The investigation began to produce artifacts right away. Those initial digs, what Outlaw termed “regulatory,” allowed deeper excavation of the site and more finds. Among the artifacts recovered so far are smoking pipes, Bartmann jug shards and fragments of a pikeman’s armor. Cultural features include post molds, pits and ditches.

Samuel Argall was sent to Jamestown to restore the colony after it had fallen into disrepair for the second time in a decade. Argall rebuilt the palisades and the church and had a new well dug to replace one that had fouled.

His establishment of Argall Towne may have been more self-serving than civic-minded. Argall had been granted land, and the 200 settlers placed there should have been sent to Martin’s Hundred.

“He commanded them to clear ‘15 skore’ or 300 acres of land,” Outlaw said. Essentially Argall diverted the settlers to clear his own land.

They didn’t like the arrangement, notes Martha McCartney in “Keystone of the Commonwealth,” her 1992 history of James City County.

“At the Aug. 4, 1619 session of the [General] assembly, some ‘inhabitants of Paspaheigh, alias Argall’s Towne’... asked to be released from their debts to Argall.”

That turned out to be a fatal mistake. The settlers were taken to Martin’s Hundred (also known as Wolstenhome Towne) around 1620. Two years later 73 people from Martin’s Hundred were killed in an Indian uprising.

“Had they stayed in Argall Towne, they probably would have lived,” Outlaw noted. “That was one of the areas close to the fort that was not attacked.”
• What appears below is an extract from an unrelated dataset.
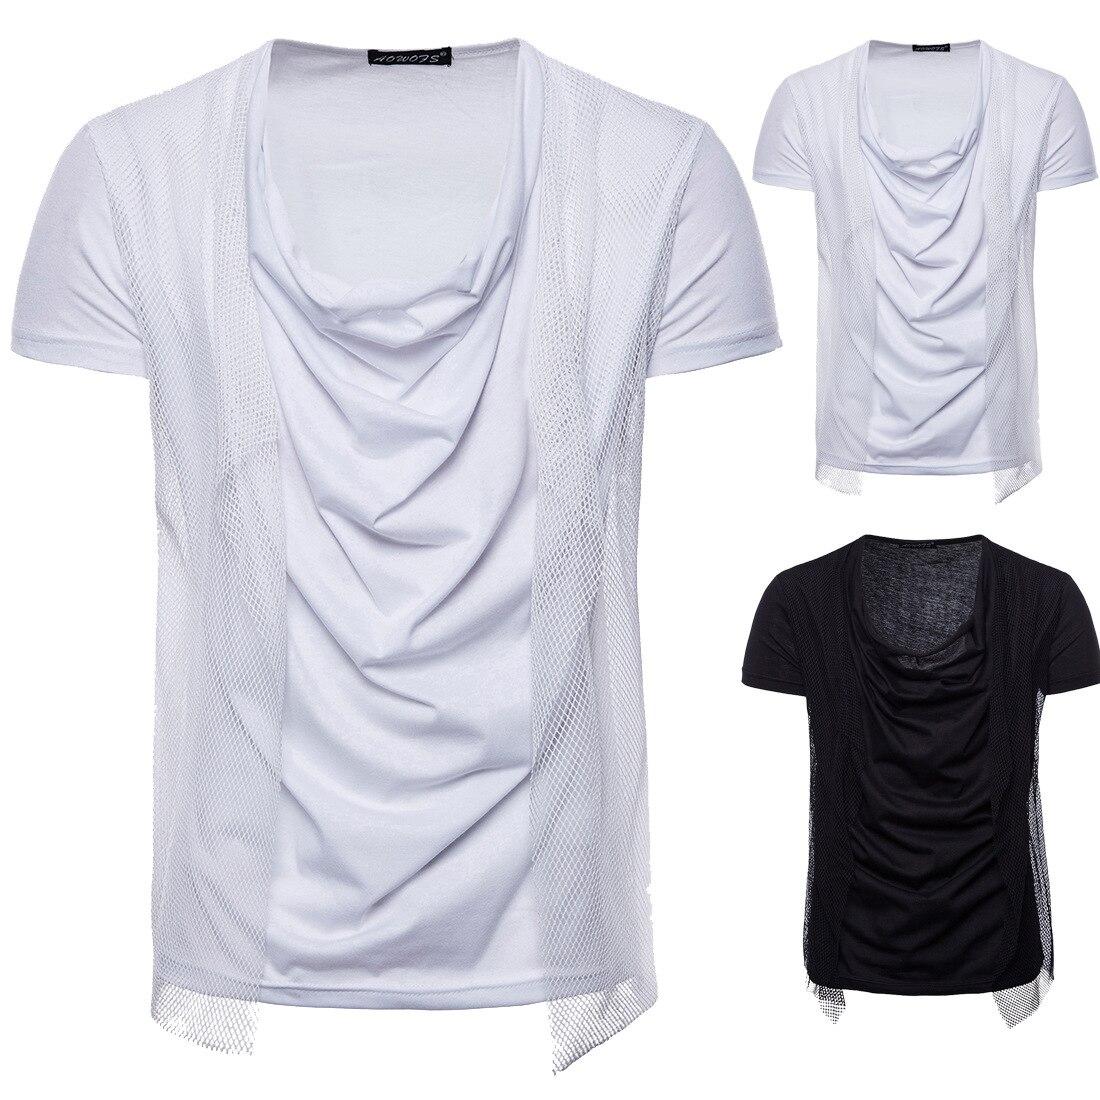 T- shirt yt 002 ...

Argall had a reputation for outlandish behavior. He kidnapped Pocahontas in 1613, and a year later destroyed a French Jesuit settlement in Maine. In 1618 he sent the ship Treasurer on a privateering expedition to the Spanish Caribbean.

For all of his faults, Argall did manage to revitalize James Fort. He also expanded the colony and struck a temporary truce with the Chickahominy Indians to end five years of fighting. In 1616 he took John Rolfe and his new wife, Rebecca (Argall’s former hostage when called Pocahontas) to England.

Outlaw said research will continue at Argall Towne for some time, but he called it “fitting” to announce the discovery of Argall Towne during the 375th anniversary year of the establishment of James City County in 1634.

“And while a highway marker near Jamestown is correct on its location of Argall Towne,” Outlaw added, “it took 32 years to prove the point.”